I just red somewhere on the forum that the amperage doesen't mater just the voltage by stripping silver with electrolysis...Well i tried out and that is my result:
I first used a small charger with 12 volt and 1 amper with the result of very little silver coming of the plated flatware.After this i connected my anode and my cathode on a 12 volt and 40 amper car battery and watch the results... on the video!
So please stop telling me that smal phone chargers are enough to strip silver,do it like i did it and use your carr battery.Watch and enjoy!
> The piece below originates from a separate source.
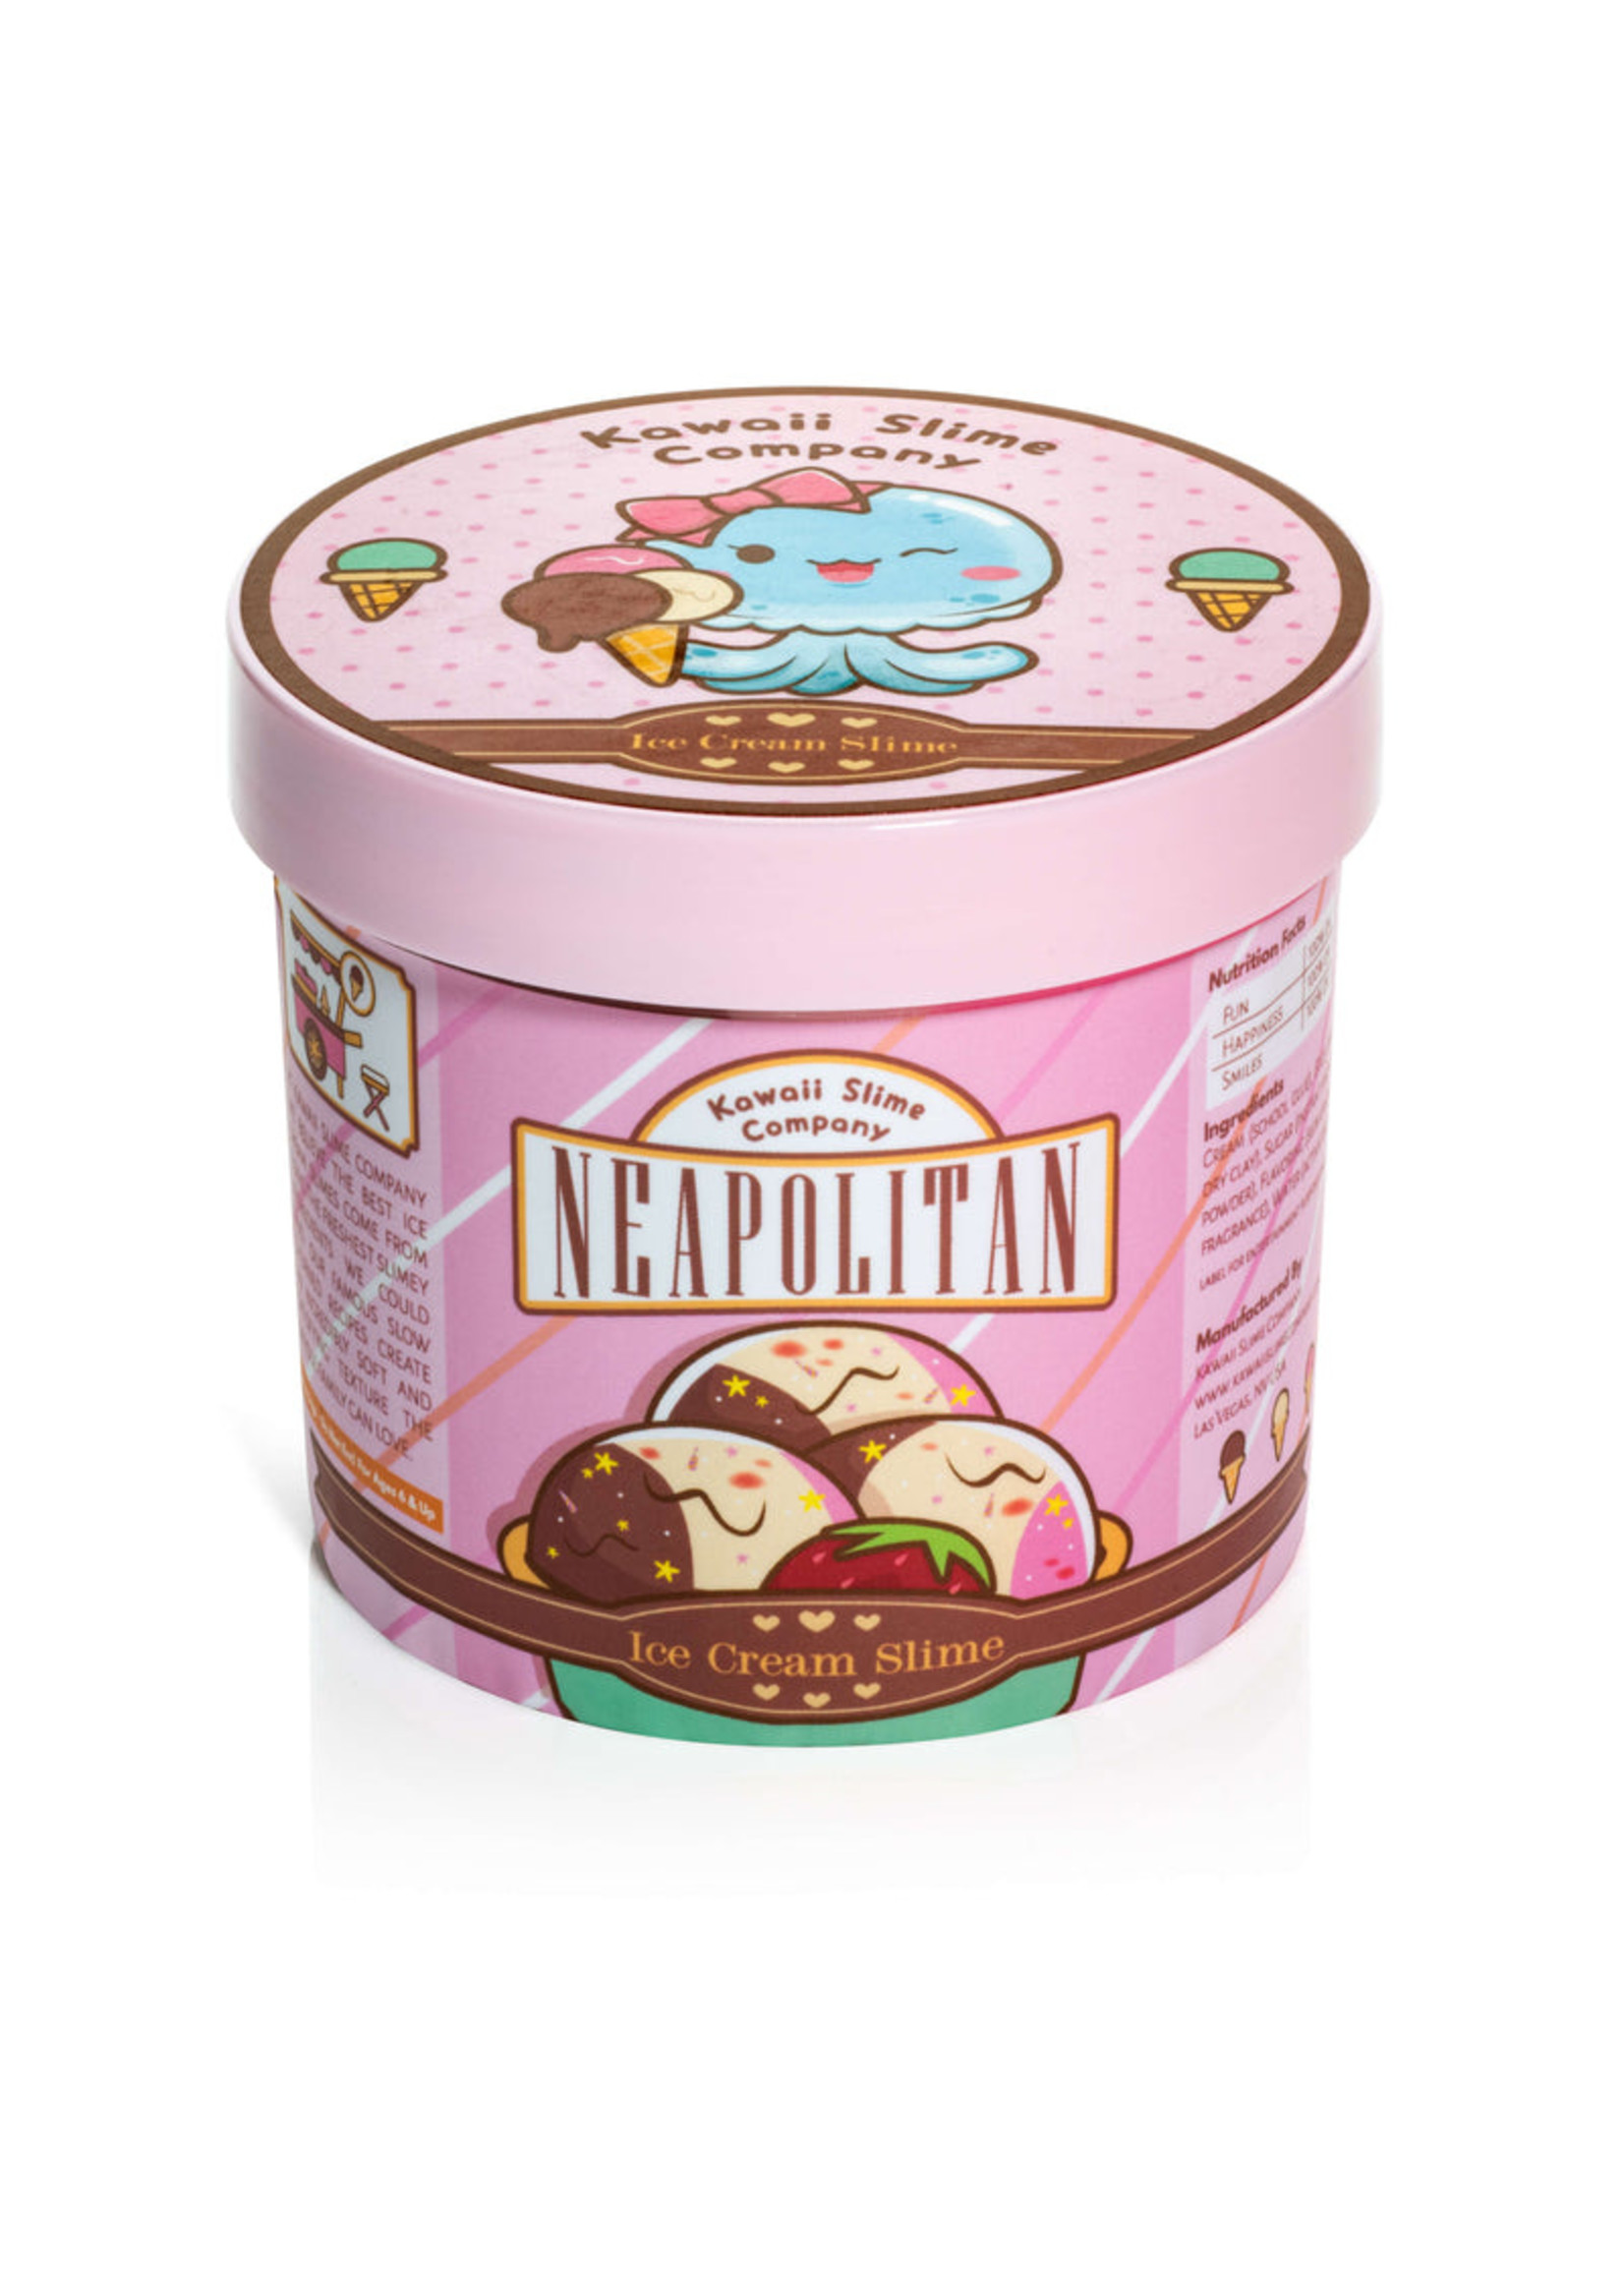 Kawaii Company "Neapolitan" Ice Cream Slime
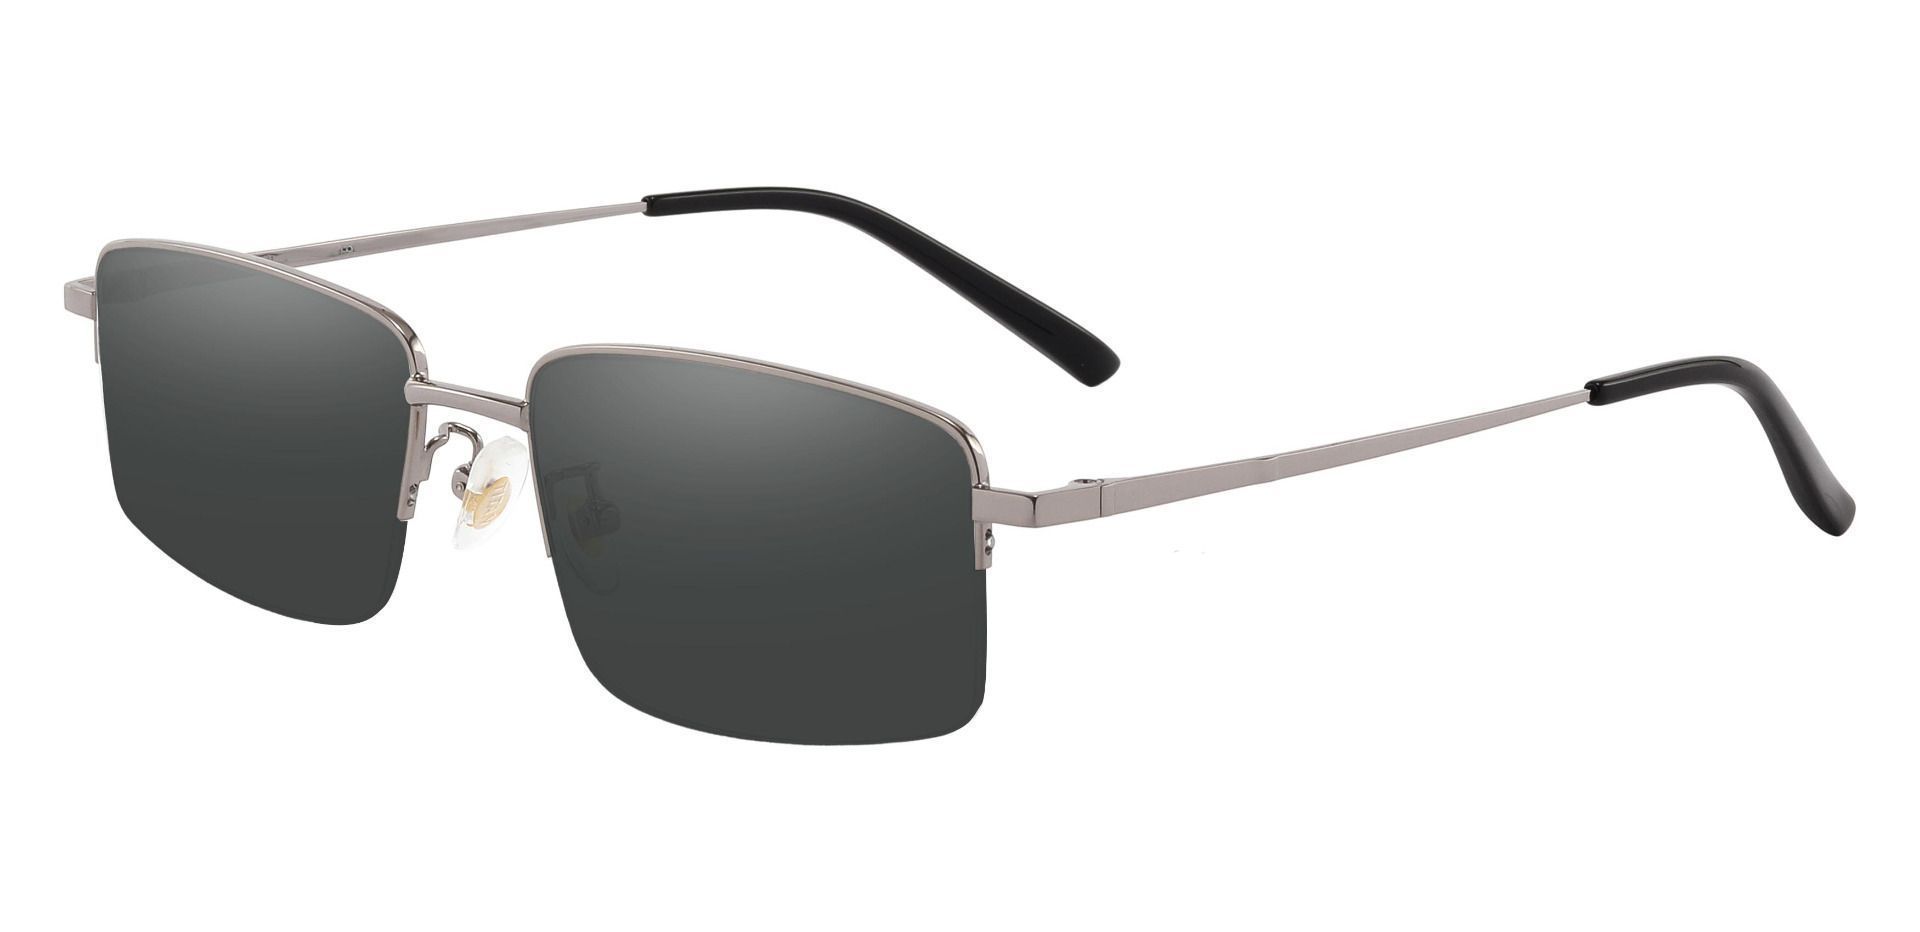 Wayne Rectangle Non-Rx Sunglasses - Gray Frame With Gray Lenses

https://www.youtube.com/watch?v=YyZ9a2wZtj0

https://www.youtube.com/watch?v=YyZ9a2wZtj0

thank you.


----------



## niteliteone (Mar 25, 2014)

Could you possible explain the complete set-up :?:


----------



## solar_plasma (Mar 25, 2014)

Looks interesting your 12V setup. What was the electrolyte and at what concentration?

I tried everything between 1-24V at 0.1-8A. Though the max ampere is also limited by areal of the electrodes, distance and conductivity. I got best results at under 2V at about 3 or more ampere depending on the electrodes surface in my small setup (up to about 10 pieces/time). 

You have an overvoltage with gasproduction, which results in swimming silver clumps. This and the speed of reaction are interesting. If the stripping could be much faster than the polution of the electrolyte by metals above copper, this might be a nice work around for the biggest problem. I do not dare to hope, but wonders never cease.

Beware of the fine fog. Use a strong led light and you will see it. This aerosol is nothing you want to inhale.


----------



## goldsilverpro (Mar 25, 2014)

What solution are you using? What chemical(s) and what strength(s)? Enjoy what? Your video is worthless without that information.


----------



## g_axelsson (Mar 26, 2014)

No fuses? I would not like to short circuit the electrodes in the electrolyte. It could go really bad in no time.

The car battery is not 40 ampere, it is 40 Ampere hours! It can deliver hundreds of ampere if short circuited.

Göran


----------